Wenn noch mal so ein Totalausfall an den Mindestanforderungen seines politischen Amtes so kläglich scheitern sollte, wie Christian Wulff, dann muss man die Begriffe Anstand und Ehre neu überdenken.
Der Staatsanwalt wühlt sich noch durch Kontoauszüge und Unterlagen. Es steht noch nicht fest, ob es eine Anklage und vielleicht auch eine Verurteilung wegen Vorteilsnahme und Vorteilsgabe gegen Christian Wulff geben wird. Aber gestern durften wir erfahren, dass das Bundespräsidialamt schon mal mitteilen ließ, es sei wegen der Begründungsformulierung beim Rücktritt rechtens, dem Alt-Bundespräsident im zarten Alter von dreiundfünfzig den Ehrensold in Höhe von knapp 200.000 Euro und auch die weiteren lebenslangen Privilegien, zuzugestehen. So sei nun mal das Gesetz. Aha, es kommt also auf die Formulierung beziehungsweise die Begründung an, sich seine Pfründe zu sichern. Auch wenn man das nicht verdient, nach nicht mal zwanzig Monaten im Amt.
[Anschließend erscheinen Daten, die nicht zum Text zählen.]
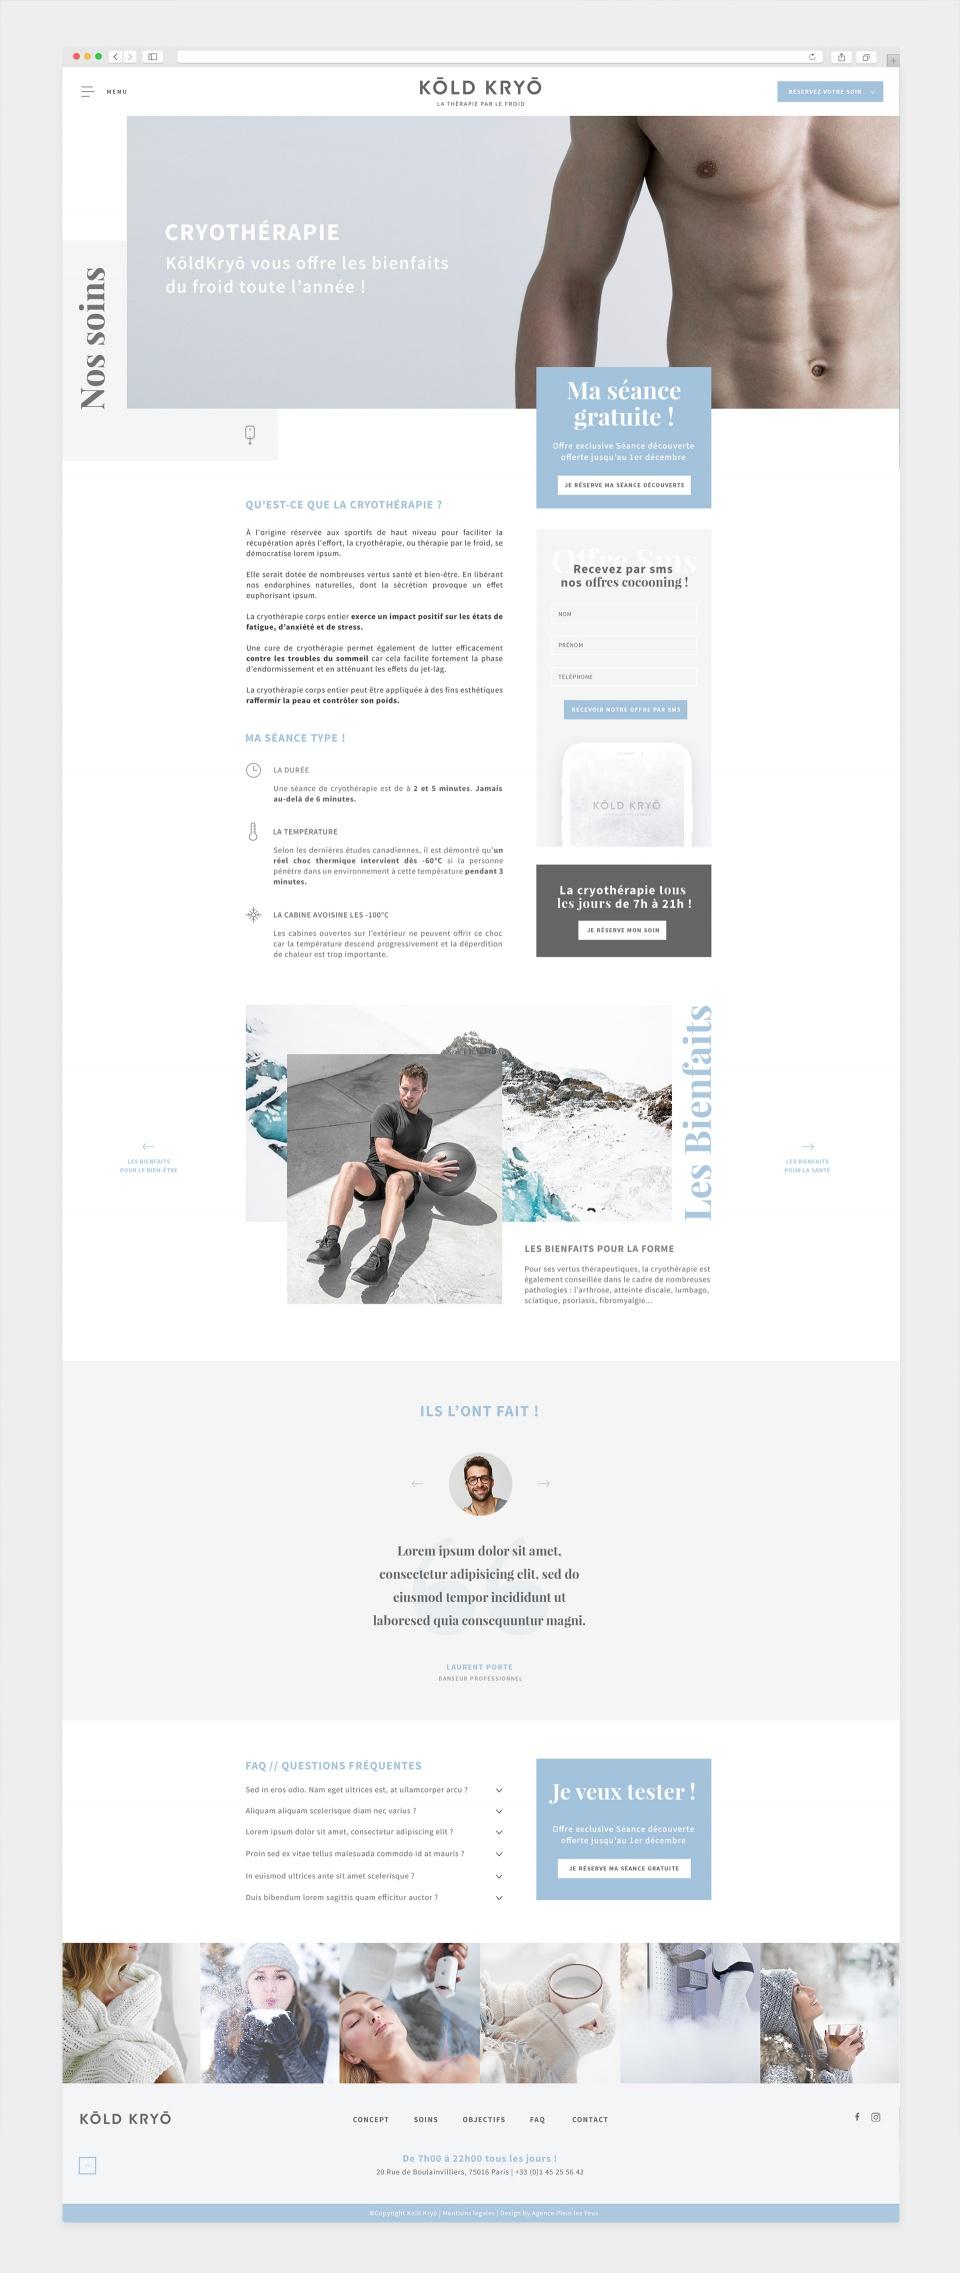 Site — Pages internes
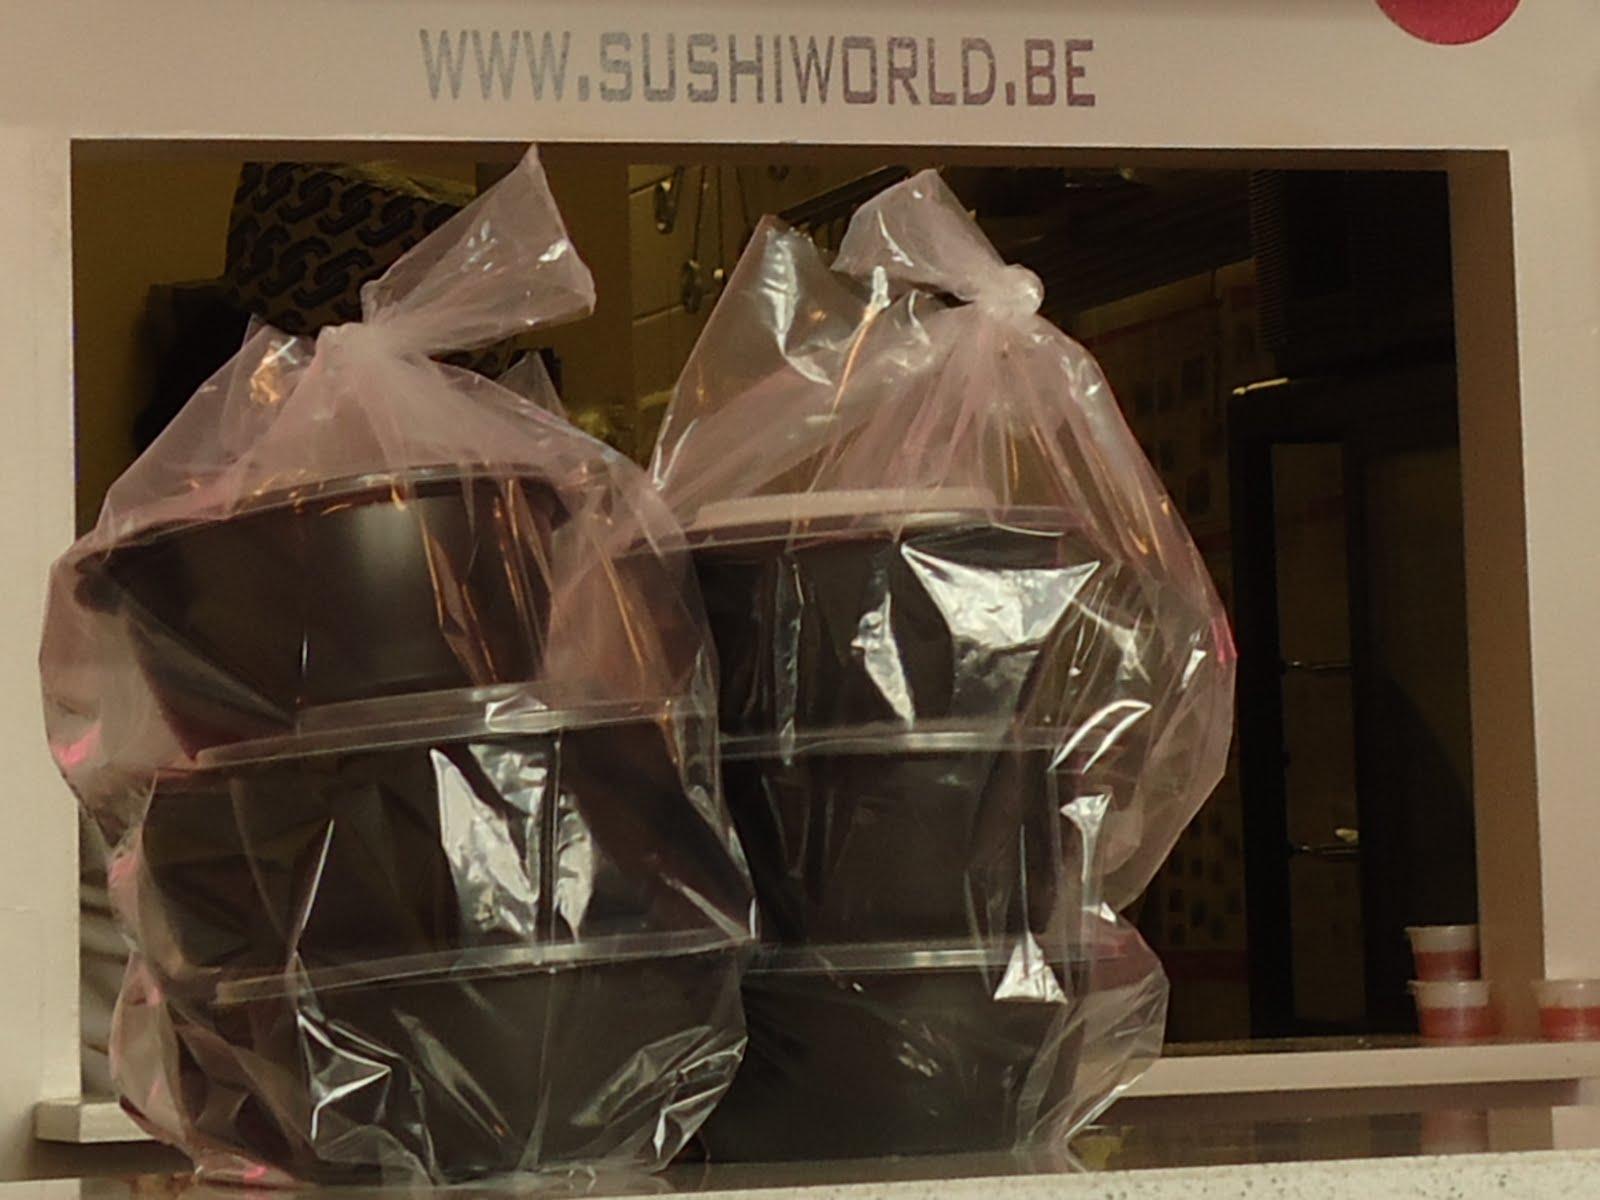 http://3.bp.blogspot.com/-28Dr7N_aeDg/TeZHPzXfRKI/AAAAAAAAAYU/HMKl7Ja_EHw/s1600/sushiworld11.JPG

So ein Glamour-Leben an der Seite dieser erlesenen Freunde ist teuer, das haben wir gelernt. Und von irgendwas muss er schließlich leben, der Vater dreier Kinder, Ehemann einer glamouraffinen Frau. Obwohl, vor Beginn seiner Amtszeit sah er das noch so:

Christian Wulff über sein Leben nach der Bundespräsidentschaft und den Ehrensold, im ZDF, am 21. Juli 2010

Ob er sich daran auch so gut erinnern kann, wie an seine Bargeldreserven ….
Freuen wir uns also über die ausgleichende an Stelle der strafenden Gerechtigkeit, darüber, dass der Mann, wenn er es bis zu seinem 85. Geburtstag schafft, mit rund sieben Millionen Euro für Ehrensold und die präsidialen Goodies dabei ist.

Kann mir das bitte mal jemand erklären, wie das geht, ohne jeden Anstand jetzt auch noch die Hand aufzuhalten. Sich nicht mal zu schämen. Die Chuzpe macht ihm so schnell keiner nach!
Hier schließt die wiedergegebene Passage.